<<<<

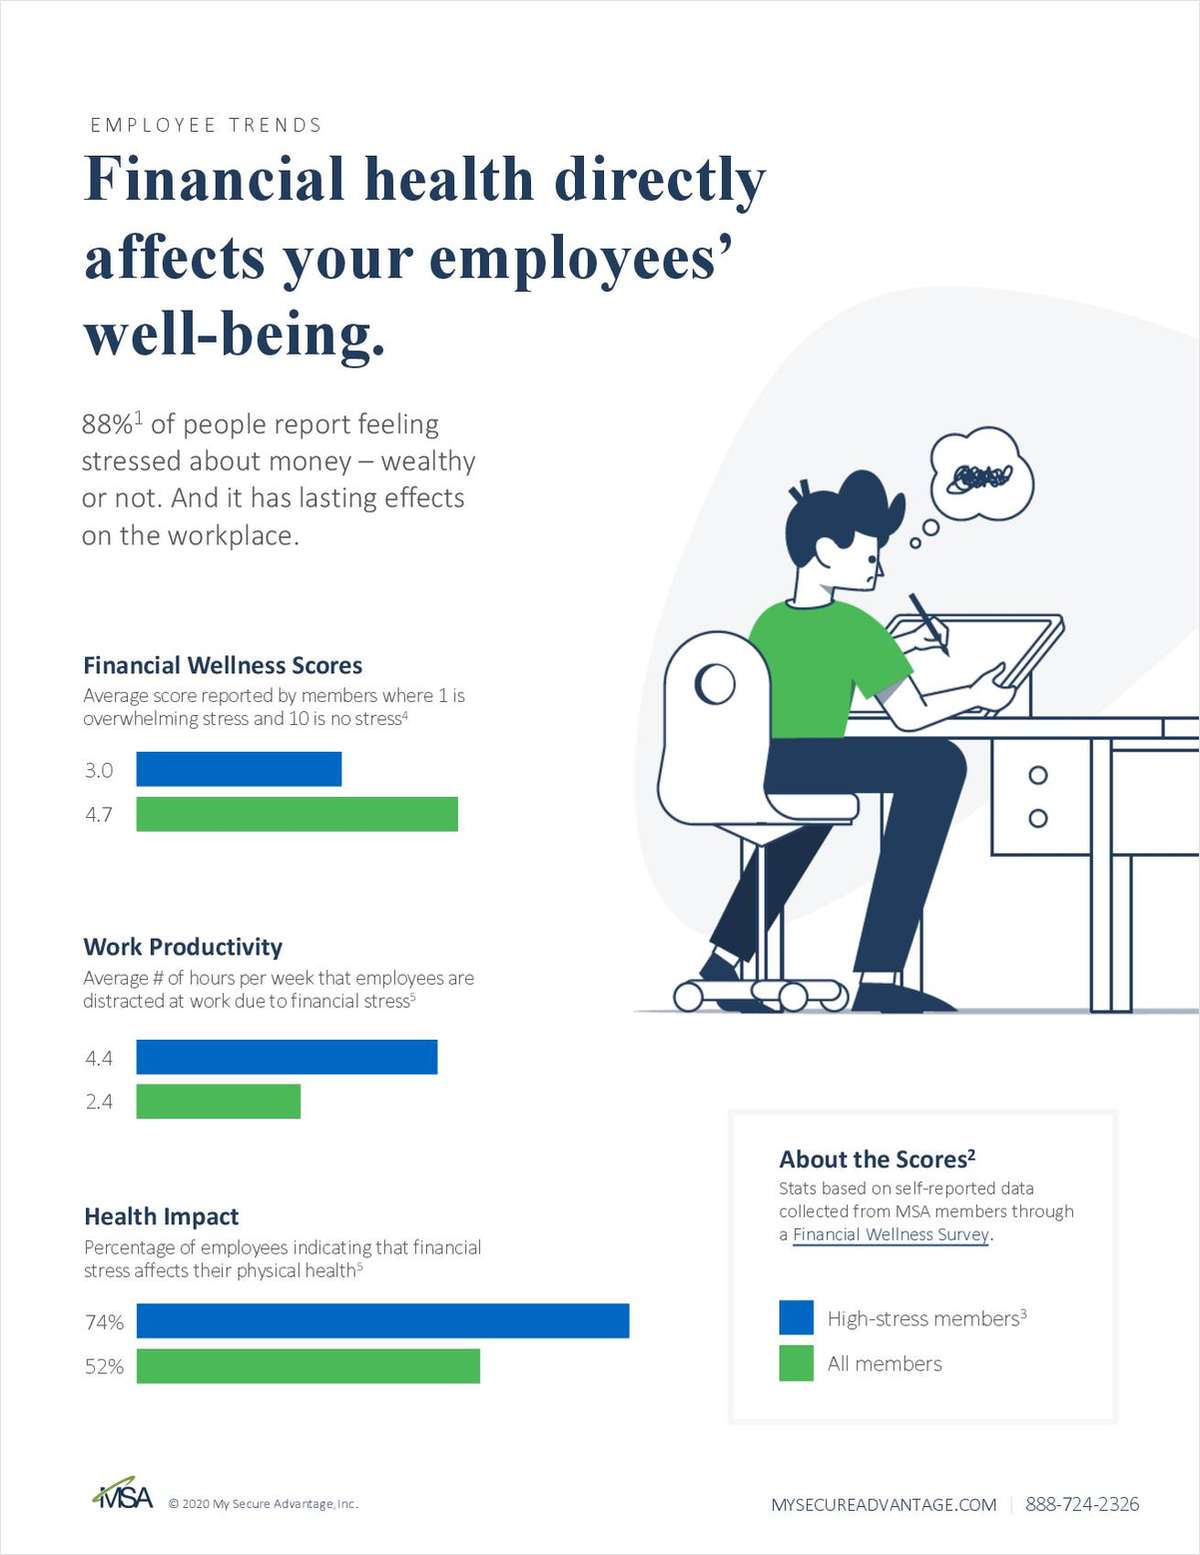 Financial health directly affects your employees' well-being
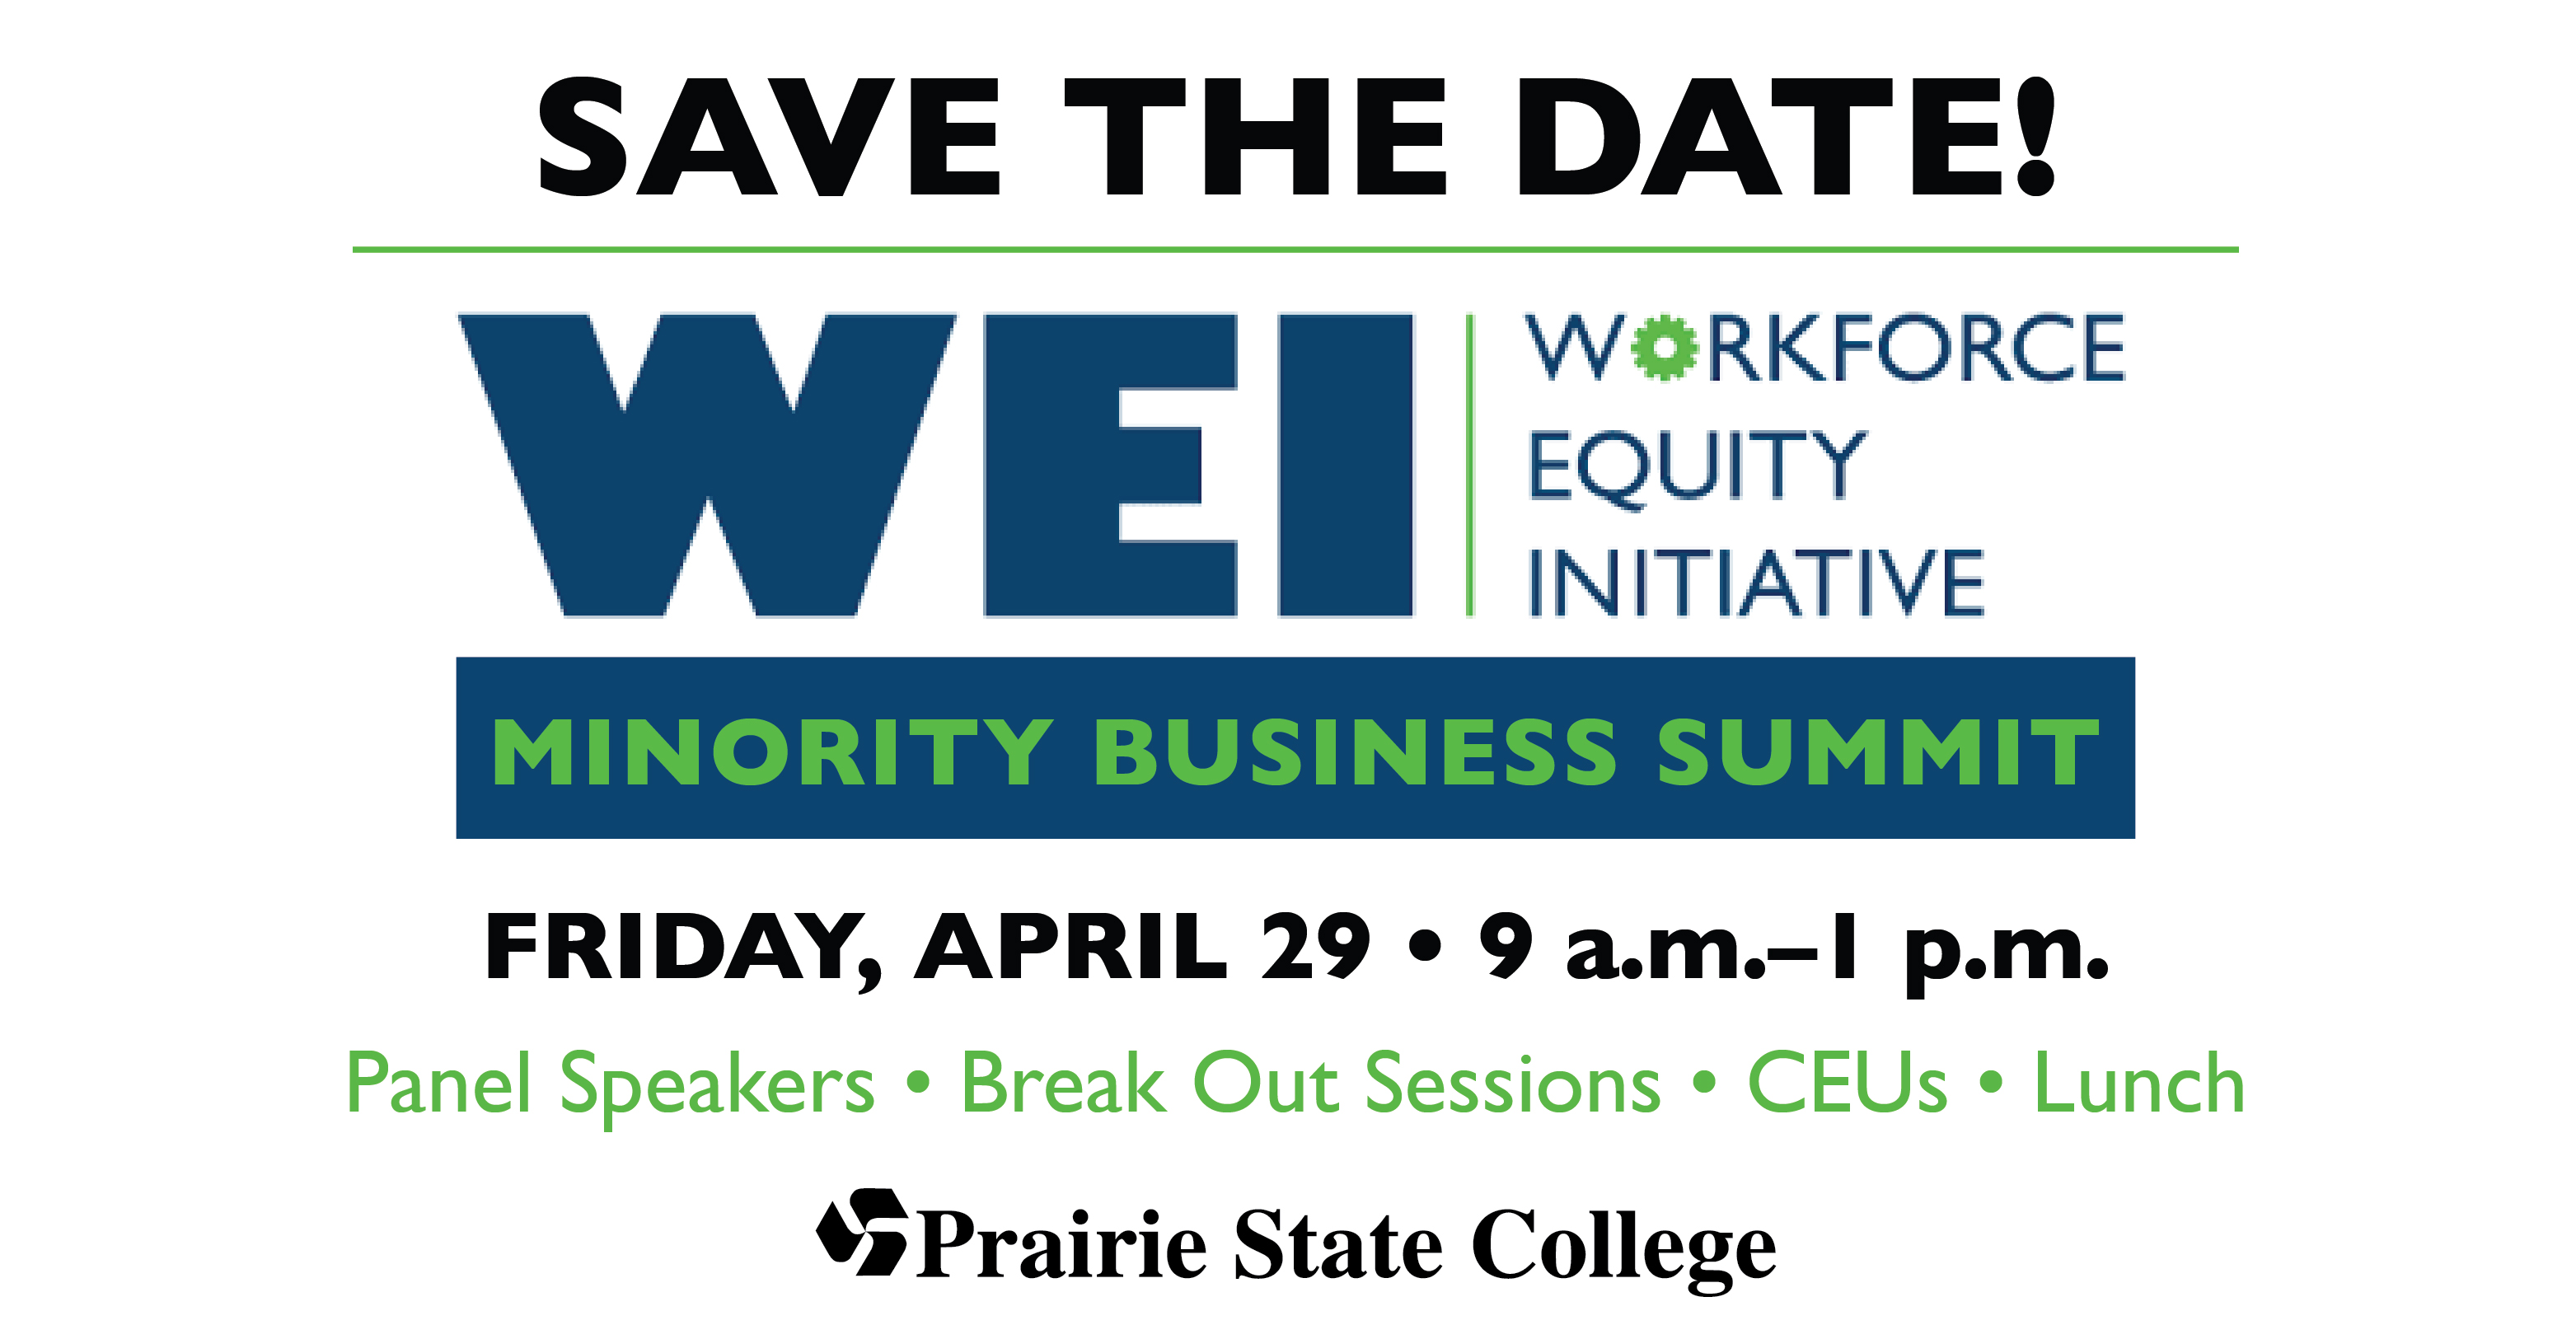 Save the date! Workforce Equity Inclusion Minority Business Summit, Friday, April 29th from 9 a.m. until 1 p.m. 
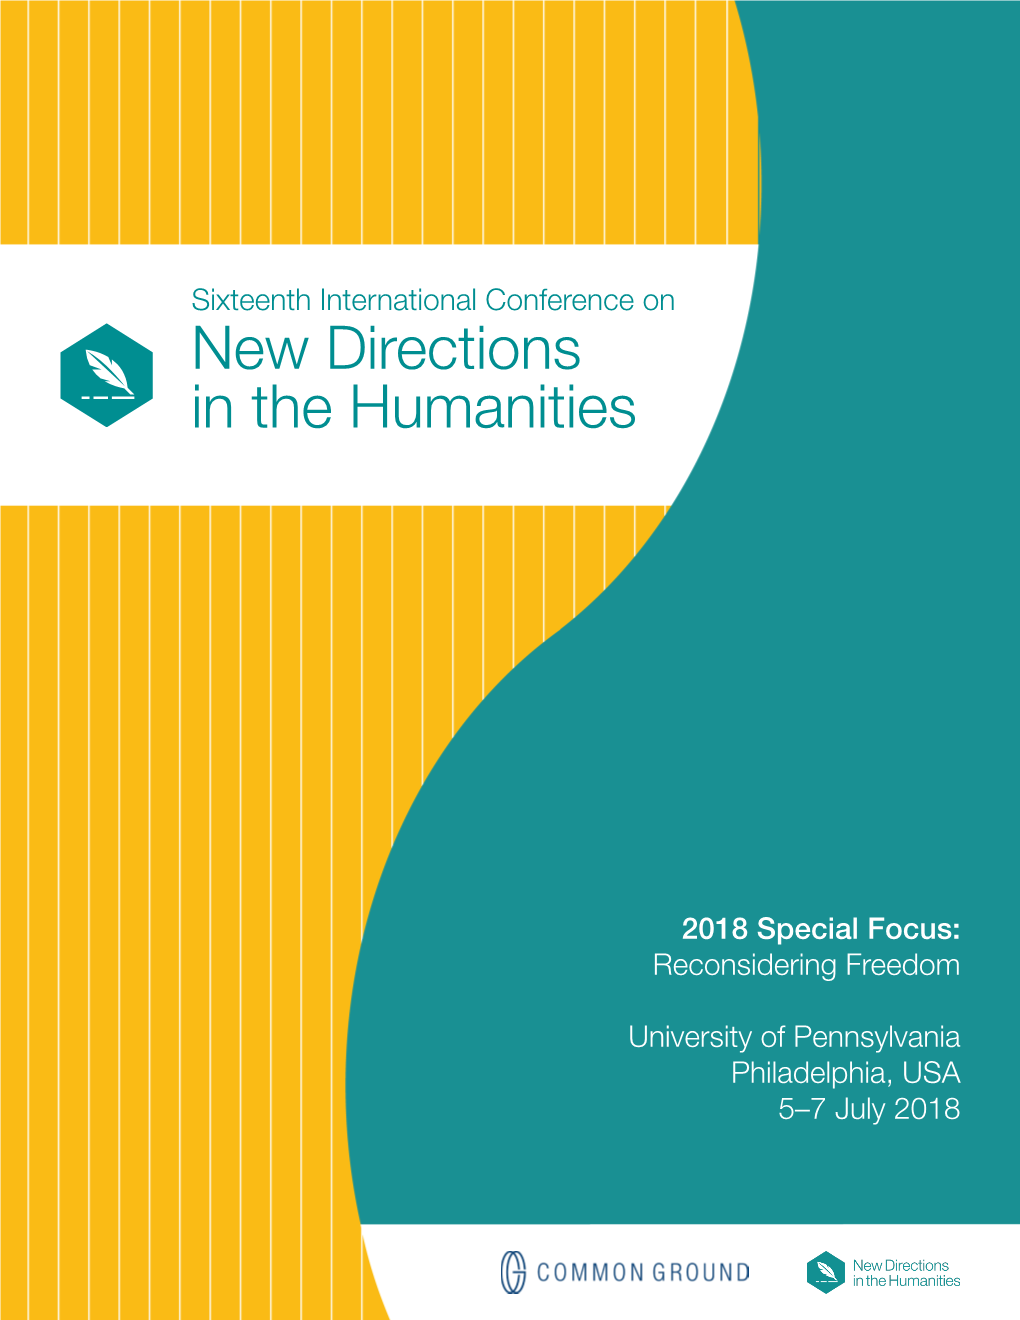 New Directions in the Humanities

>>>>

• WHAT YOU WILL DO:
Set down word for word each line from the one containing "Save the date!" through the end of the material, and keep the pictures out of it.

• TASK RESPONSE:
 Save the date! Workforce Equity Inclusion Minority Business Summit, Friday, April 29th from 9 a.m. until 1 p.m. 
 New Directions in the Humanities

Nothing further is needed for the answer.